Souvenirs : le départ aux études

copiebacLors de la remise de mon examen de mathématiques ce matin de juin 1987, vingt-et-un coups de canons retentirent. Heureux hasard conséquent à la visite du monarque élyséen, la séance immuable du baccalauréat nous priva tous, étudiants, d’un moment néanmoins historique pour notre petite île grande comme un demi alexandrin. Mitterrand allait donc être contrait d’attendre notre venue en métropole s’il tenait vraiment à nous voir, chose aussi improbable qu’une note de 20 sur 20…
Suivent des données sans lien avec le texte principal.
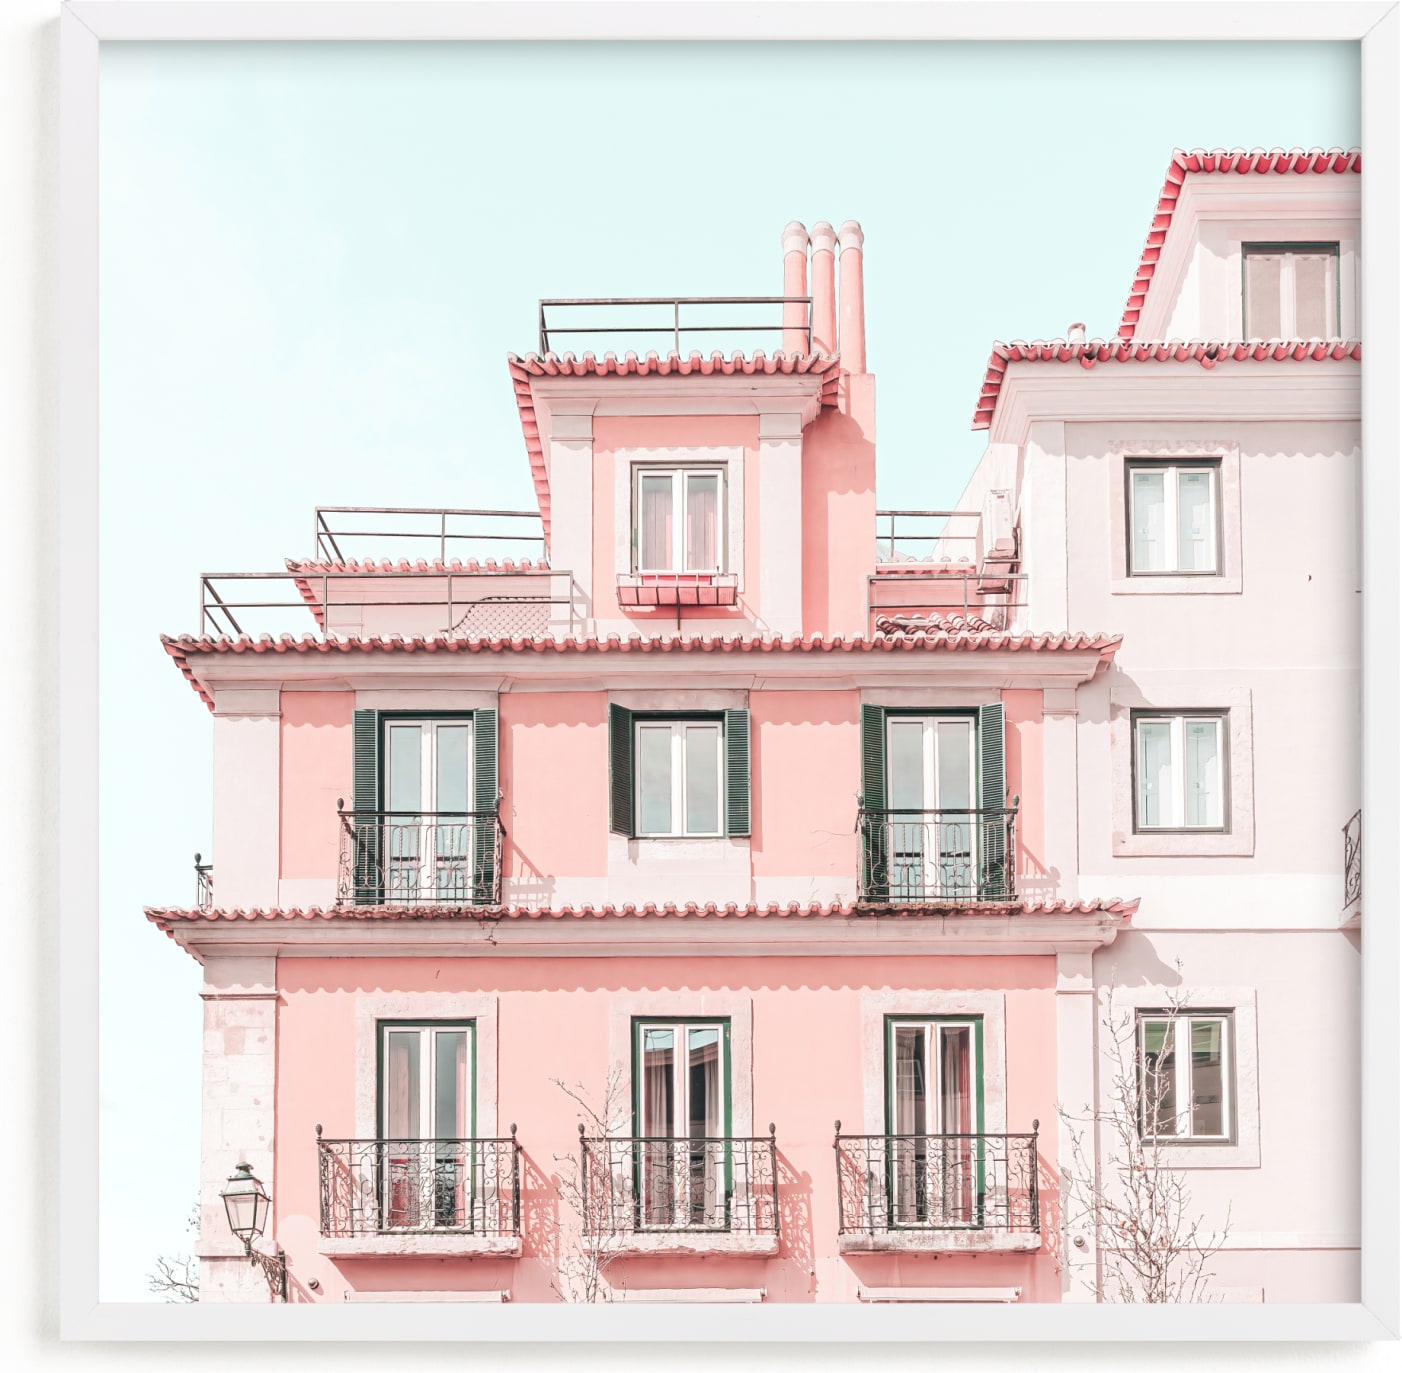 This is a blue art by Heather Loriece called Pastel Pink House.

L’obtention du baccalauréat, condition sine qua non pour la poursuite des études, fut donc chose faite au printemps, il restait donc quelques semaines avant notre départ pour la France. En attendant le jour du départ, il ne restait donc qu’à passer quelques heures par jour à l’Agence Régionale du Tourisme pour faire un peu d’argent.

L’arrivée d’une lettre de l’université de Bordeaux chamboula les derniers jours de cet été sympathique. Cette missive me sommant d’être présent aux séances d’inscriptions dès les premiers jours de septembre, même si les cours ne commençaient que bien plus tard, soit vers la fin du mois. L’administration universitaire étant peu enclin à l’humanisme, voire la compréhension de ma situation particulière, je dus partir en catastrophe pour la métropole. Ainsi, mon billet me mena d’abord à Sydney au Cap Breton, en Nouvelle Ecosse. L’avion d’Air Saint-Pierre, un bimoteur à hélice, un Hawker Siddley, reste pour tout Saint-Pierrais, l’ultime espace où il ne règne le temps du vol, un atmosphère qui est celle du caillou. Une fois que l’on franchit le portique de ce coucou, c’est un monde sans pitié qui s’ouvre en face de vous. On a beau voyager en groupe, traverser l’Atlantique en équipe sur un vol d’Air France ou de British Airways, notre faible contigent, noyé dans la masse des passagers d’un Boeing ou d’un Airbus est évidente. Nous découvrons ainsi, malgré nous, les premiers échantillons de la solitude qui nous attend dans les huit prochains mois. Arrivé à Sydney, quelques éléments étrangers nous semblaient un peu familiers : dalles du plancher, rainures métalliques dessinant les limites de celles-ci, la signalétique très canadienne des lieux, des visages qui ne peuvent être qu’issus de ce coin du monde. Quelques iliens nous croisaient, ils retournaient à Saint-Pierre, veinards !

Le vol suivant me ramena sur Halifax, puis Saint-Jean de Terre-Neuve. Etrange détour géographique que ce début du périple, il était néanmoins plus direct que le sempiternel crochet que beaucoup effectuaient sur Montréal. Deux mille kilomètres de recul pour mieux enjamber l’Océan qui sépare le DOM-TOM le plus proche de la métropole qui n’a jamais pu profiter d’un lien aérien direct. Le soleil venait de se coucher, ou du moins il avait du disparaître au delà de l’horizon car le ciel gris d’ordinaire s’assombrissait rapidement.

Le trans-atlantique pour Londres nous mena l’espace d’une très courte nuit au-dessus des collines verdoyantes d’Irlande. Le soleil se levait donc en Europe. Je crus reconnaître quelques couloirs du labyrinthe de Heathrow. Cinq ans plus tôt, un voyage scolaire nous avait aussi imposé un court séjour londonien.

Ce fut alors le vol sur Paris, arrivée à Charles de Gaulle et transit obligatoire pour Orly par le périphérique. Nous remarquons les plaques d’immatriculation des voitures, les publicités. Tout nous semble nouveau, étranger. Nous n’étions pas dimanche, mais c’était triste Orly. Destination Bordeaux, les hôtesses craignant la maladie contagieuse, manipulaient nos cartes d’embarquement (de simples jetons en plastique numérotés) avec des gants en plastique.

Ainsi débuta un périple de quatre ans d’études, d’amitiés, d’aventures et de découvertes. Les études.